Exercise goal: Using the entries below, write out the line with "Capsicum clipart green", the line with "Dunlop SP LT", and every line in between, exactly as each is written.

(Input data)

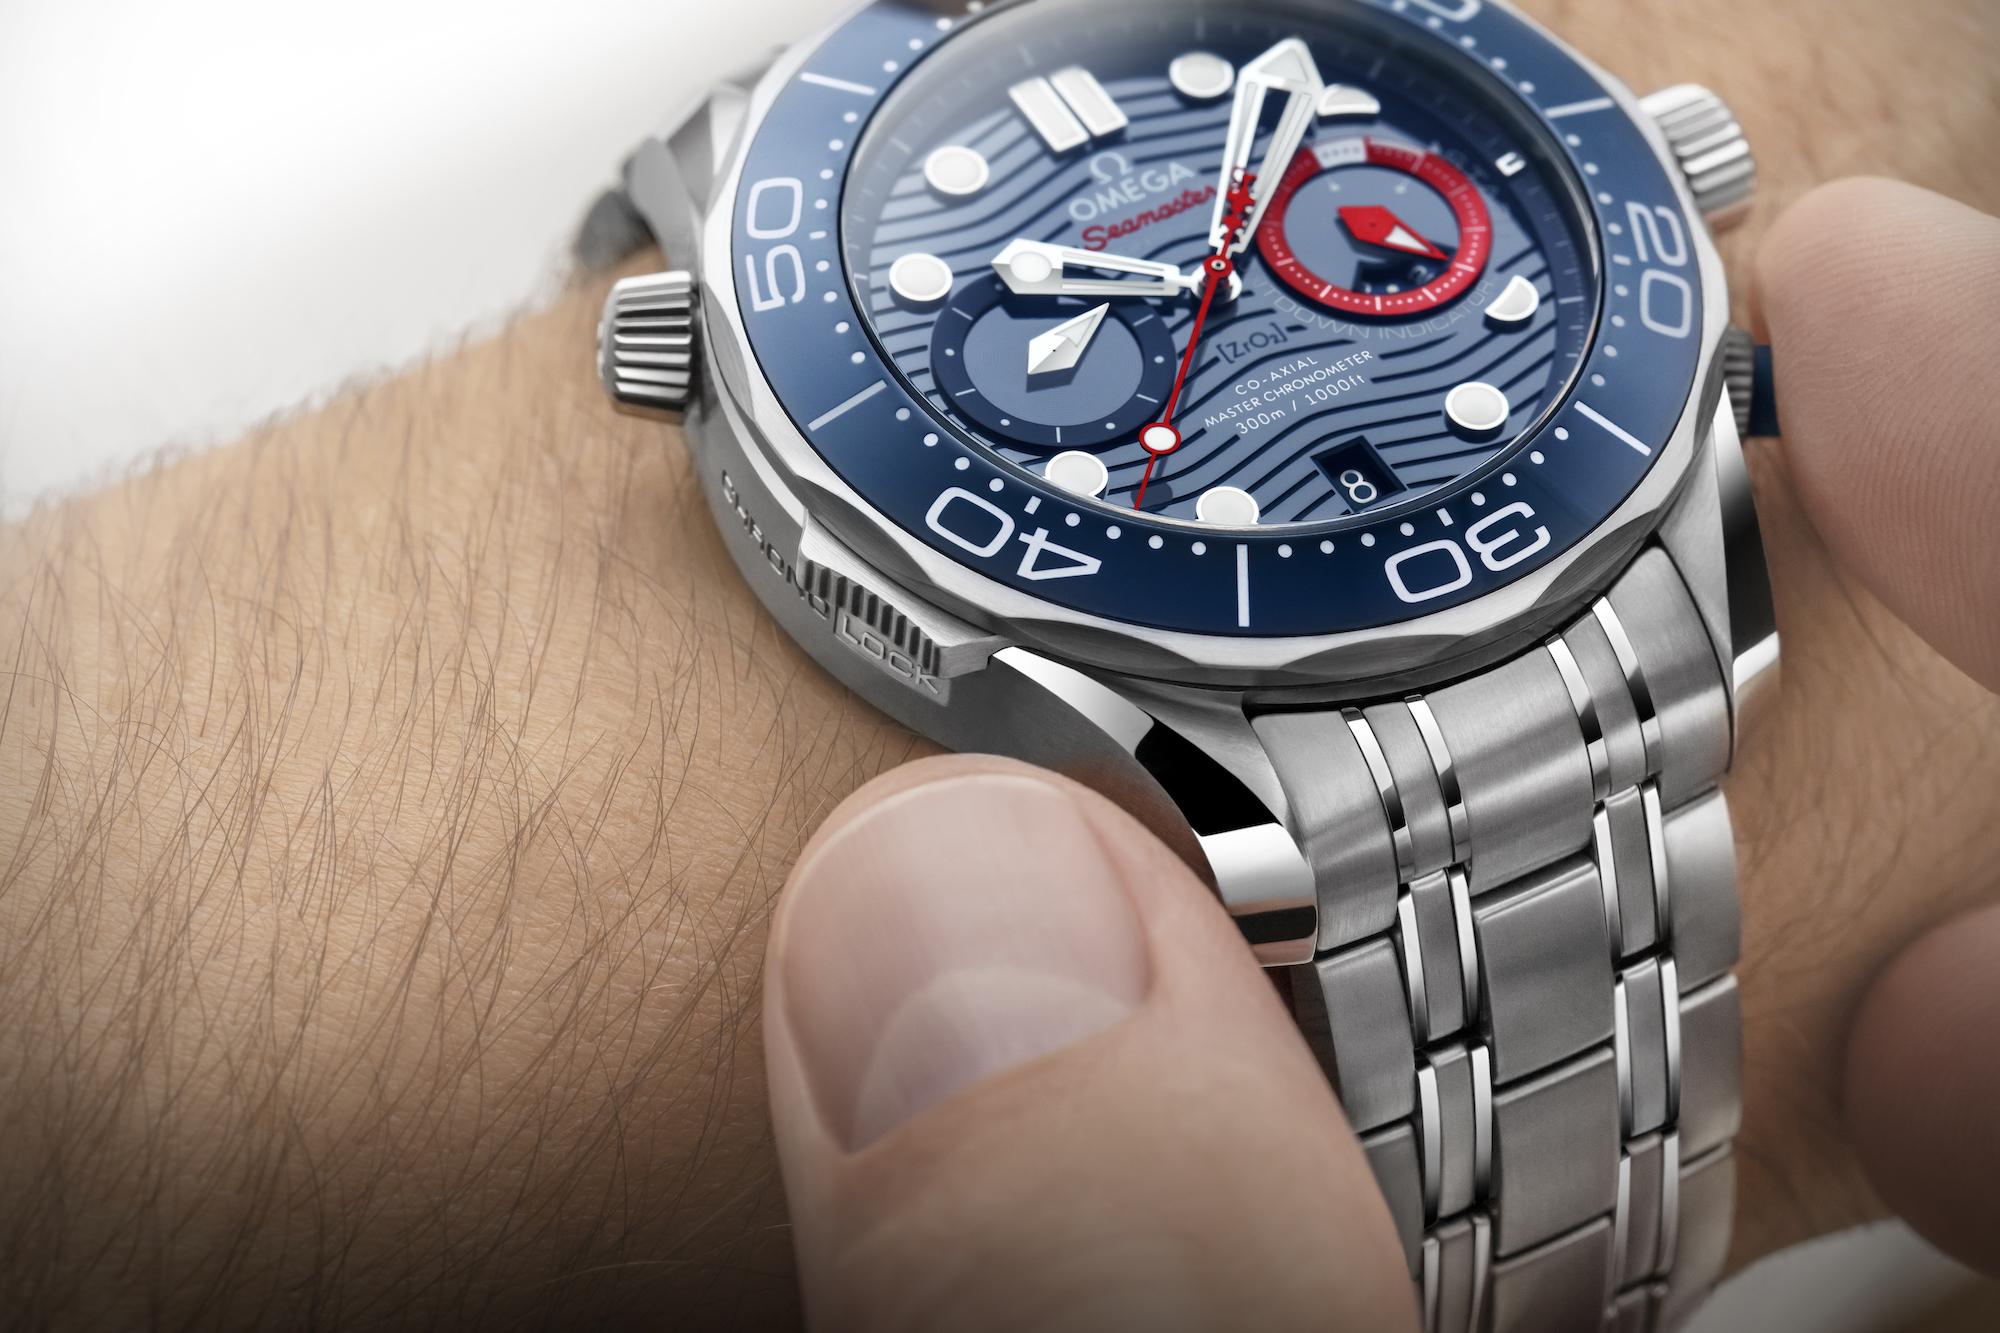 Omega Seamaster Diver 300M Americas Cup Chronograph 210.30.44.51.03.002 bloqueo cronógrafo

(End Input data)
(Input data)

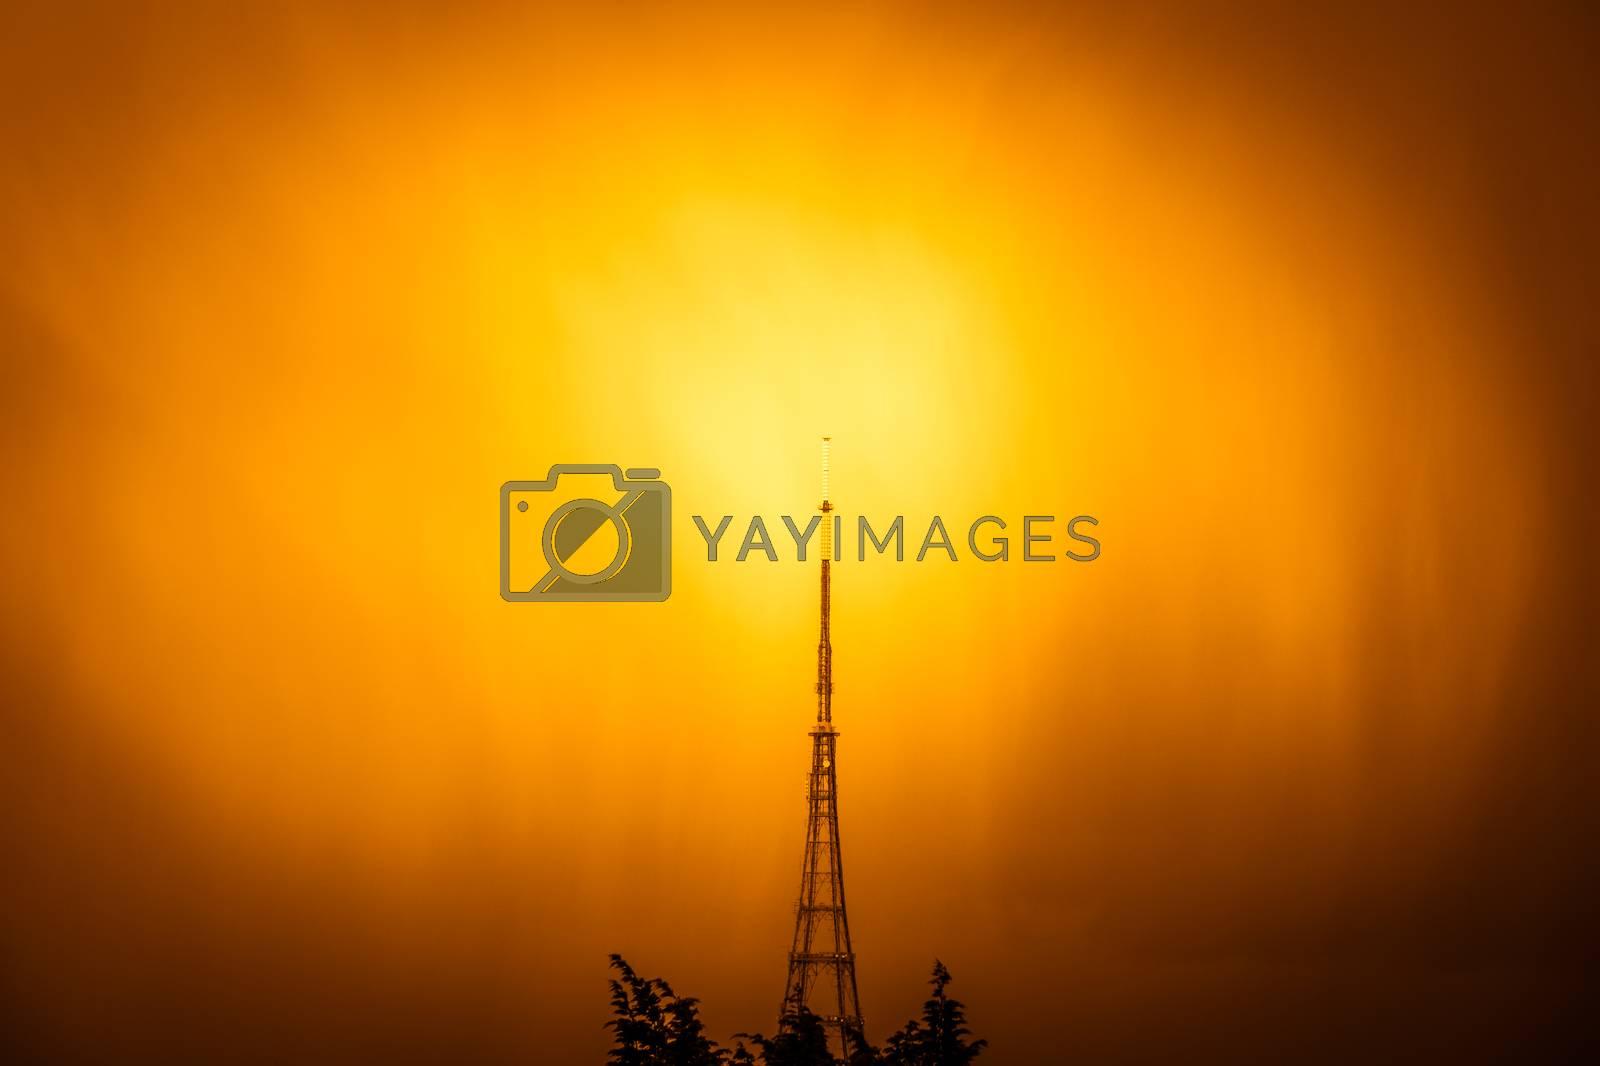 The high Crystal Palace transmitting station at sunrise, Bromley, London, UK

(End Input data)
(Input data)

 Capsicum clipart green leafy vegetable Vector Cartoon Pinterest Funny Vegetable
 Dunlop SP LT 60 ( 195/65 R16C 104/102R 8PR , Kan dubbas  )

(End Input data)

Solution:
 Capsicum clipart green leafy vegetable Vector Cartoon Pinterest Funny Vegetable
 Dunlop SP LT 60 ( 195/65 R16C 104/102R 8PR , Kan dubbas  )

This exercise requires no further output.